#### EXERCISE DATA
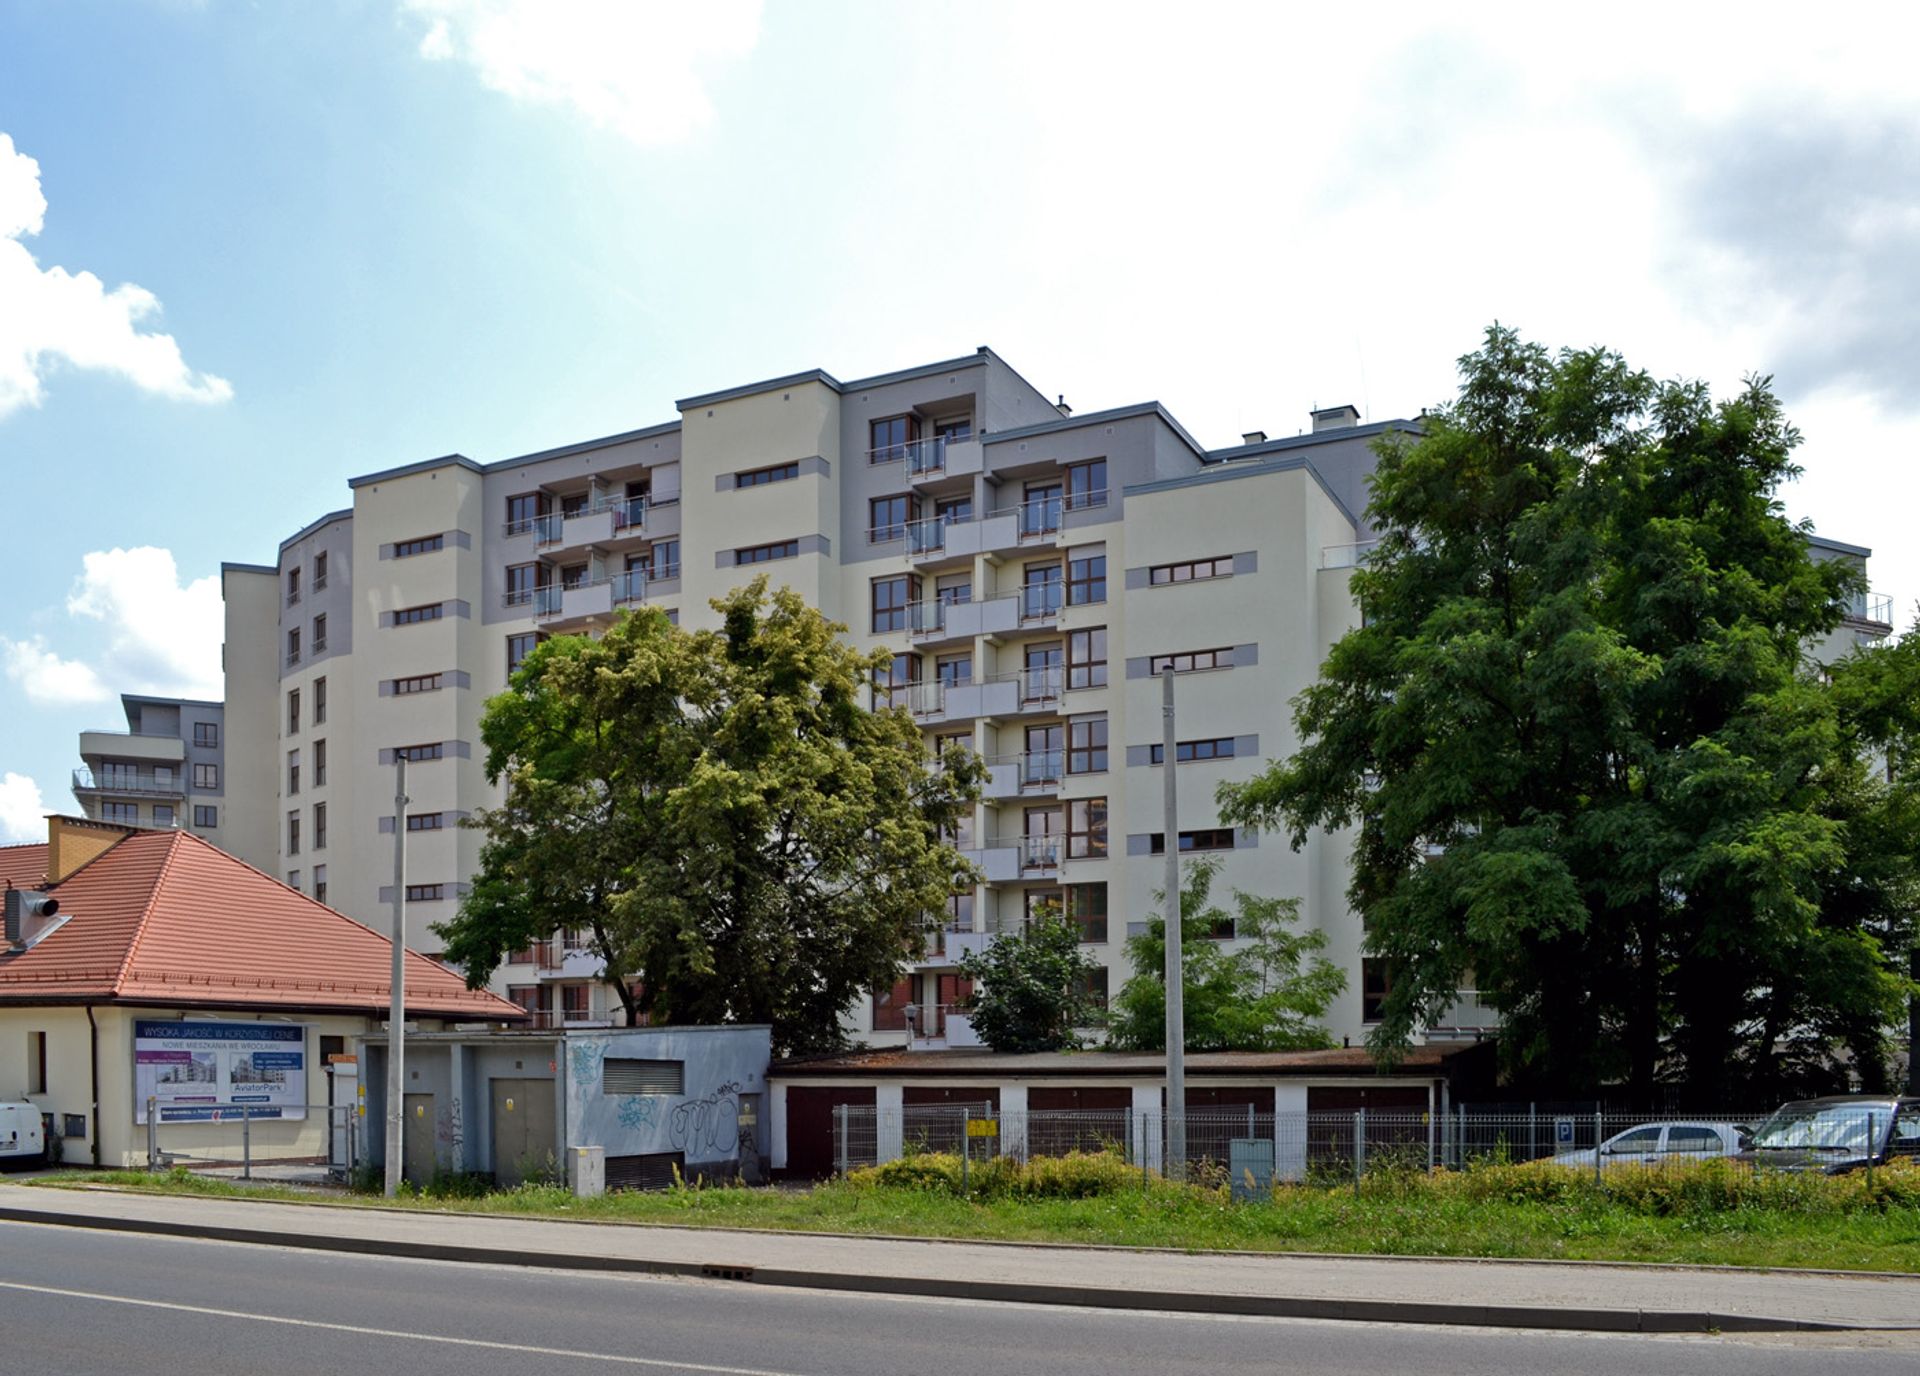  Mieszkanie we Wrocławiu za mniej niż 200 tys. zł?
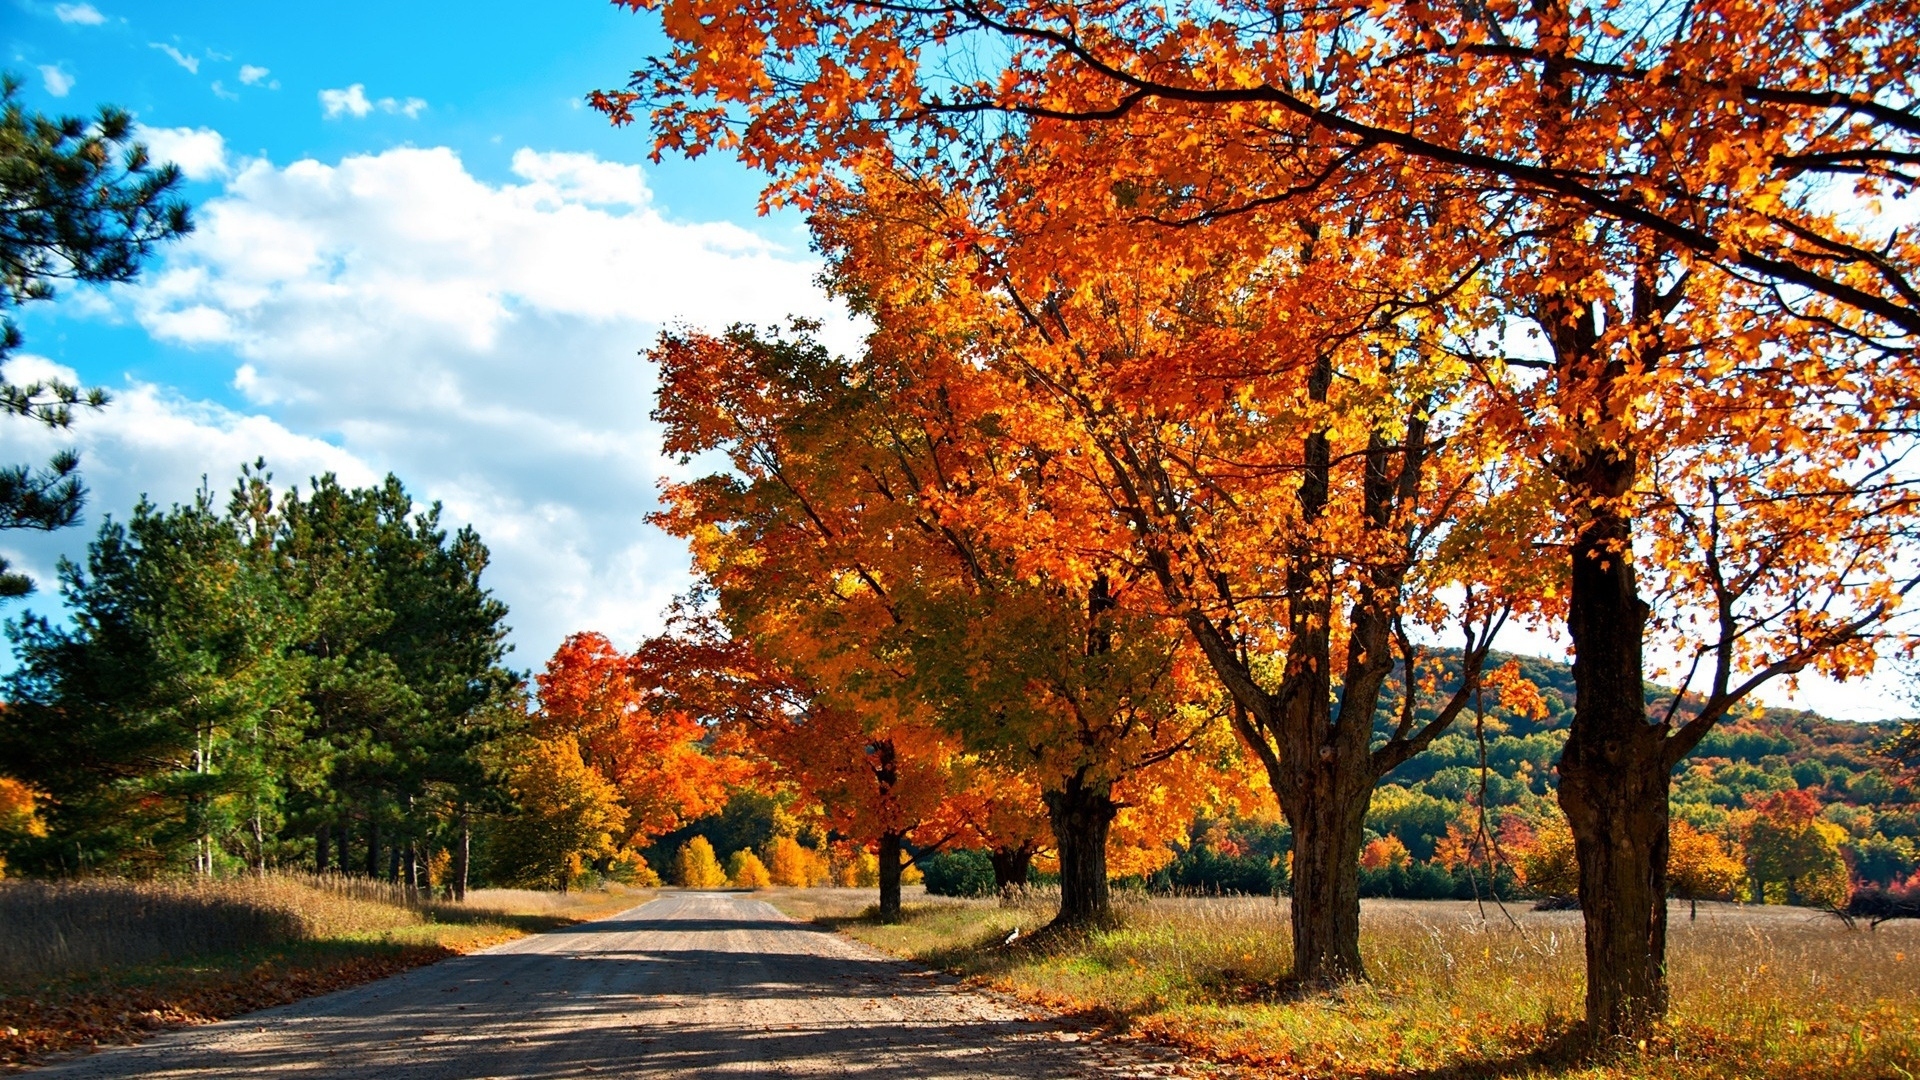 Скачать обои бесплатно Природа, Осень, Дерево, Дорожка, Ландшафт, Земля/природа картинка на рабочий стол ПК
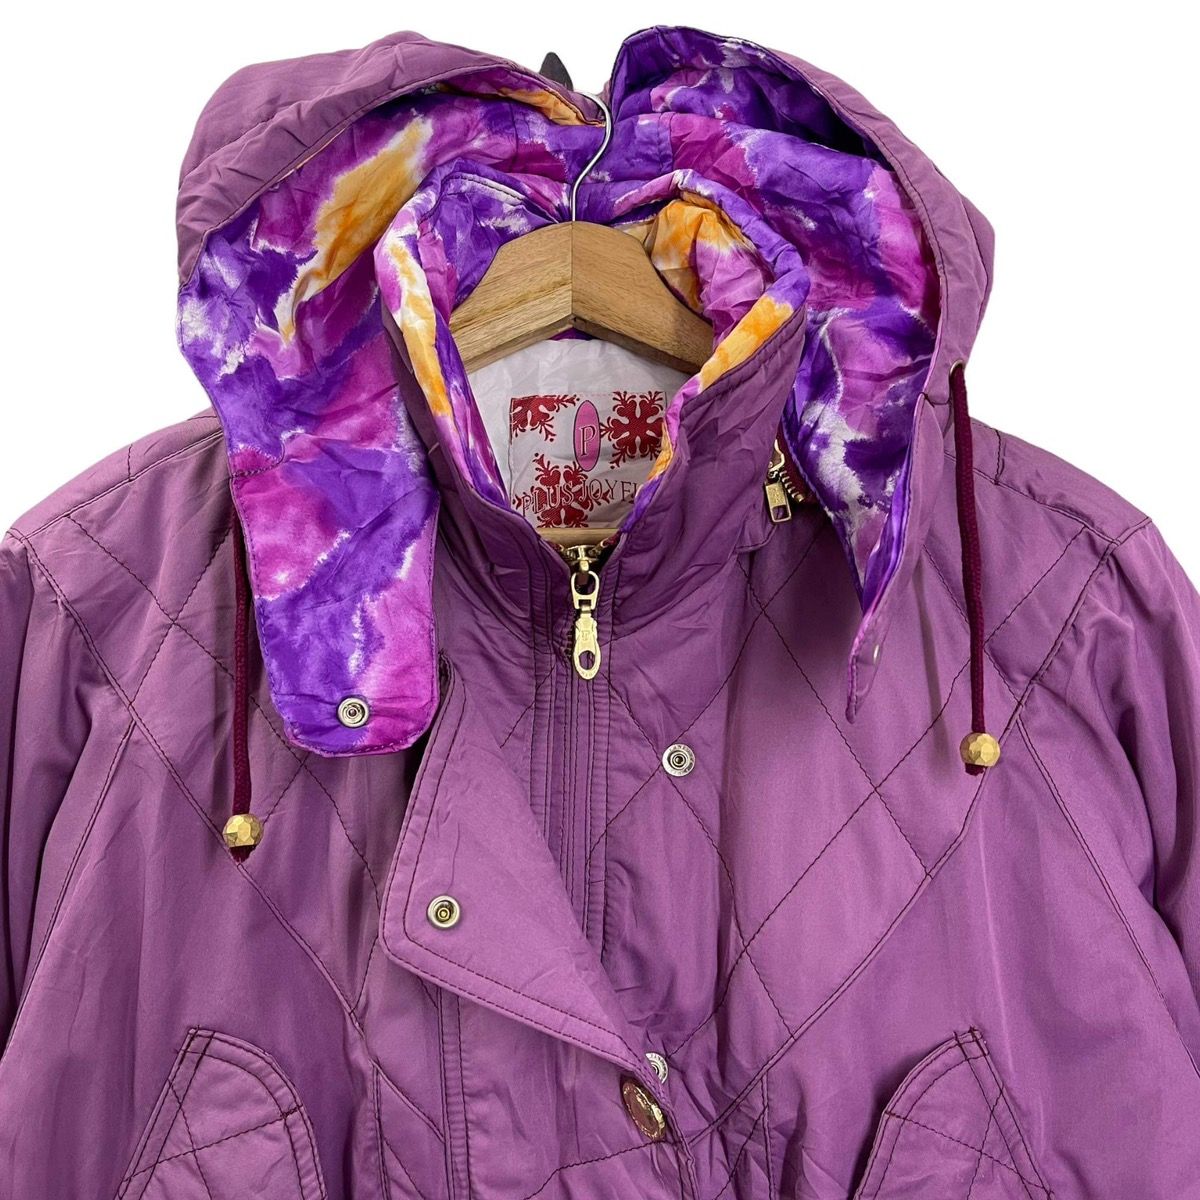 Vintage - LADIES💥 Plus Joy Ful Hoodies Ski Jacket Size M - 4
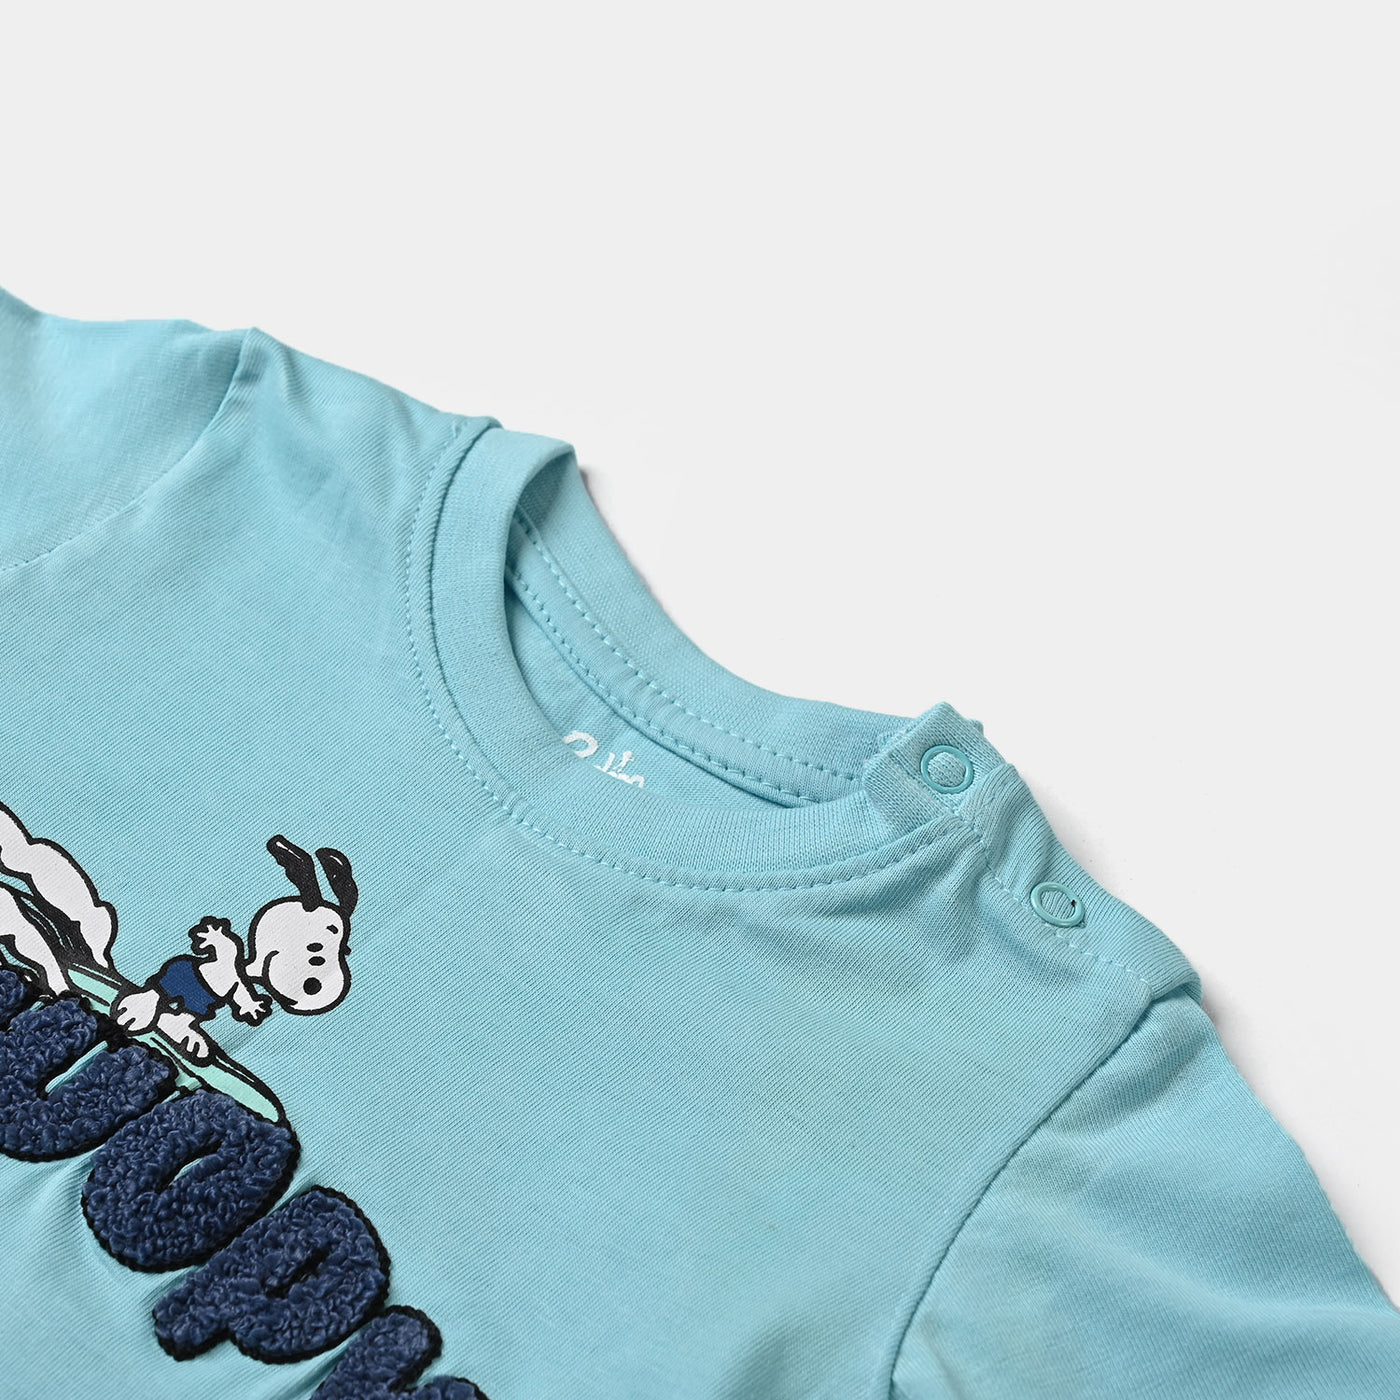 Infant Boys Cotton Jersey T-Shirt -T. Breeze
########
## [WHAT THE TASK REQUIRES]
Would you please retype the material above exactly and leave out each picture?

## [ANSWER SPACE]
  Mieszkanie we Wrocławiu za mniej niż 200 tys. zł?
 Скачать обои бесплатно Природа, Осень, Дерево, Дорожка, Ландшафт, Земля/природа картинка на рабочий стол ПК
 Vintage - LADIES💥 Plus Joy Ful Hoodies Ski Jacket Size M - 4
 Infant Boys Cotton Jersey T-Shirt -T. Breeze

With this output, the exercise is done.